As the harvest of crops reaches record levels, thanks a decent monsoon, the authorities need to calibrate the economics of demand and supply in favour of the producer and the consumer and limit the grip of the middle-man.
It is a strange cycle of events in the Indian economy where even with the Covid-19 infection toll crossing 1.1 million the country's economic drivers are simultaneously getting into top gear. It is a phenomenon not being witnessed anywhere else in the world.
This unique spectacle is playing itself out in the stock markets where HDFC Bank held sway along with other premium valuations like IT heavyweights Infosys, HCL and Wipro to post resilient results for June despite experts reading out from their data sheets that an economic contraction is expected anytime.
Concurrently, rural India has just experienced the wettest June since 2013 with rainfall hitting 15 percent above normal and with this monsoon bringing hope to the agricultural belts. Conversely, and sadly, floods in Assam, Arunachal Pradesh, Sikkim, North Bengal and Meghalaya are playing havoc with lives and livelihood.

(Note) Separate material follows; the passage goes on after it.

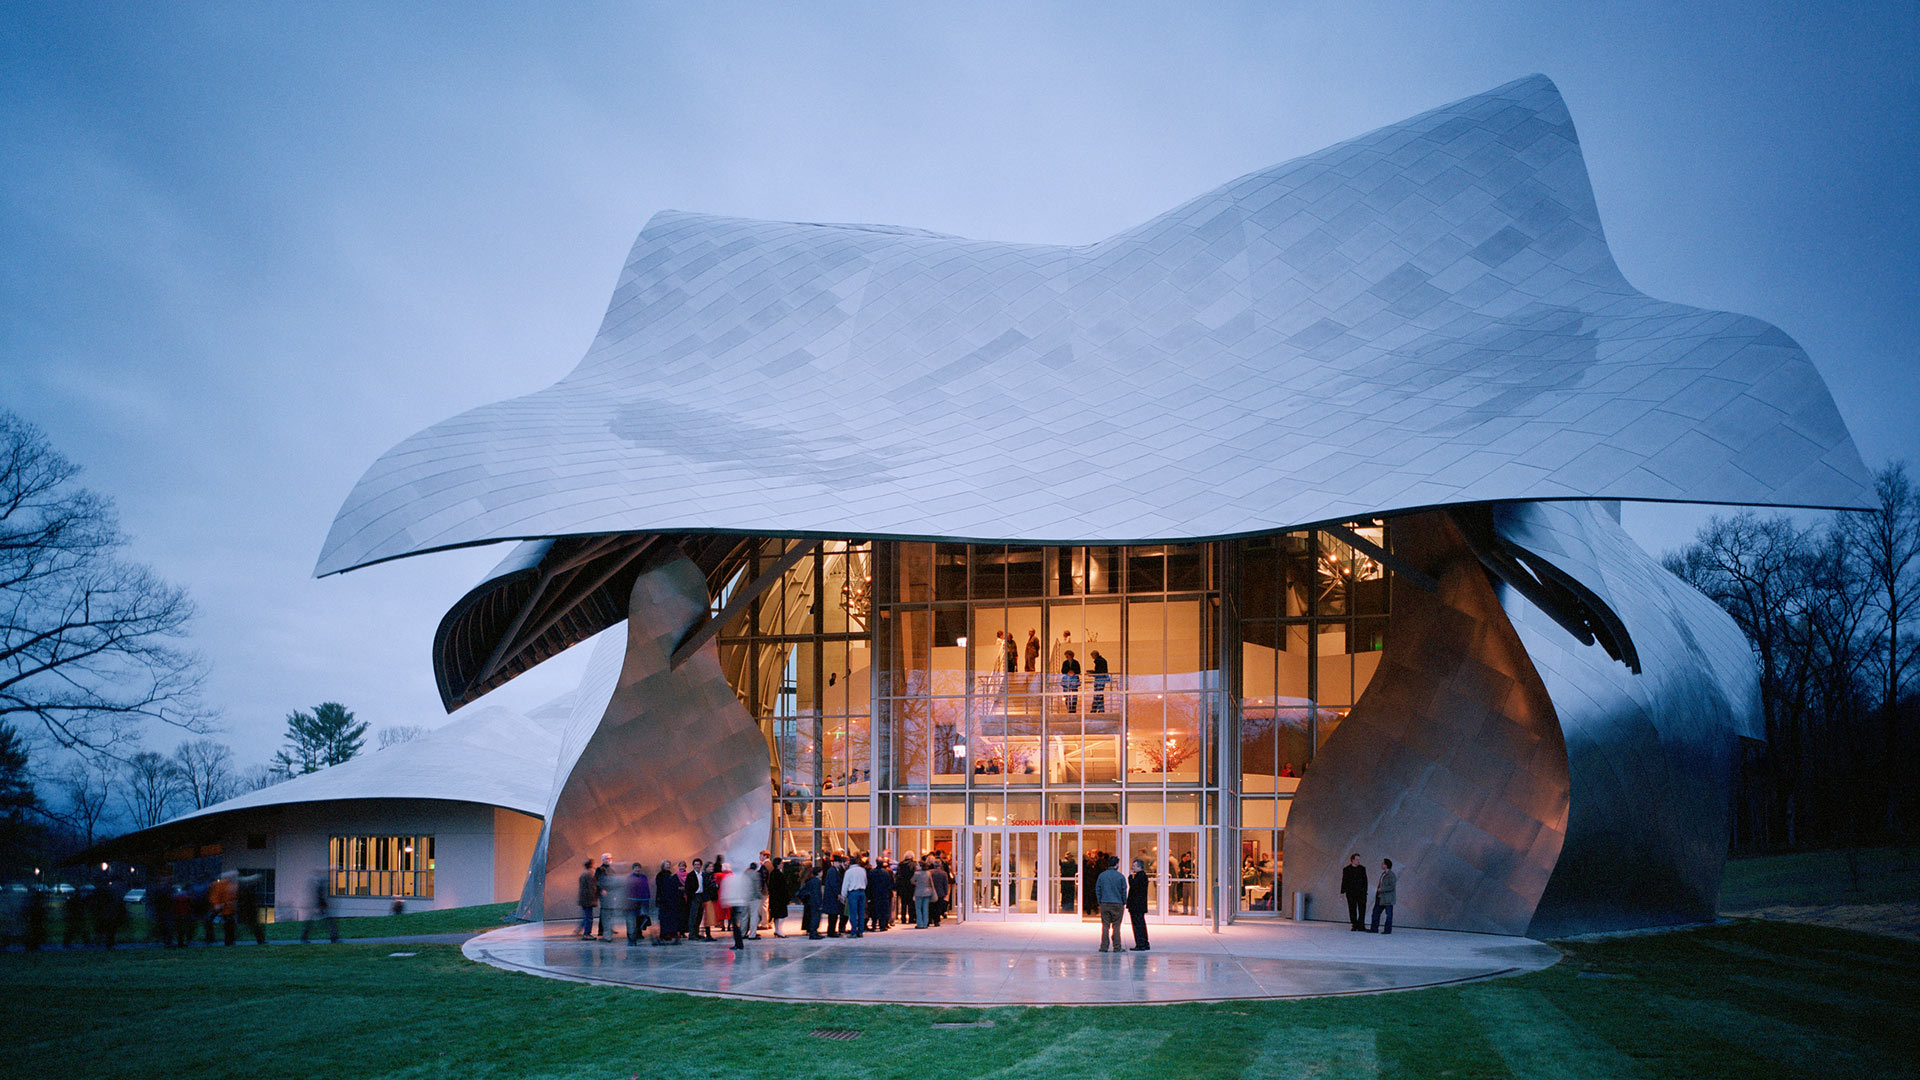 Bard College, Richard B. Fisher Center for the Performing Arts

The kharif harvest and agriculture, this year, provides the silver lining. It has touched record levels with farmers having completed the sowing of it in nearly 55 percent of the season's normal area by the first week of July. The data stands out starkly given that at this time last year only 38 percent of the coverage had been sown. It is not just tech and IT that leads India's economic revival; agriculture is a major contributor as well.
The kharif crop is not alone - every kind of crop from paddy, pulses, maize, bajra, jowar, small millets, soyabean, sesamum, groundnut and cotton have posted excellent performances coupled to which has been the intent shown by the farmers themselves who have orchestrated double digit growth every month from November on the purchase of fertilizer and sales of tractors which have bucked a very obvious auto slump. They have been buoyed with hope and this sense of optimism is paying rich dividends.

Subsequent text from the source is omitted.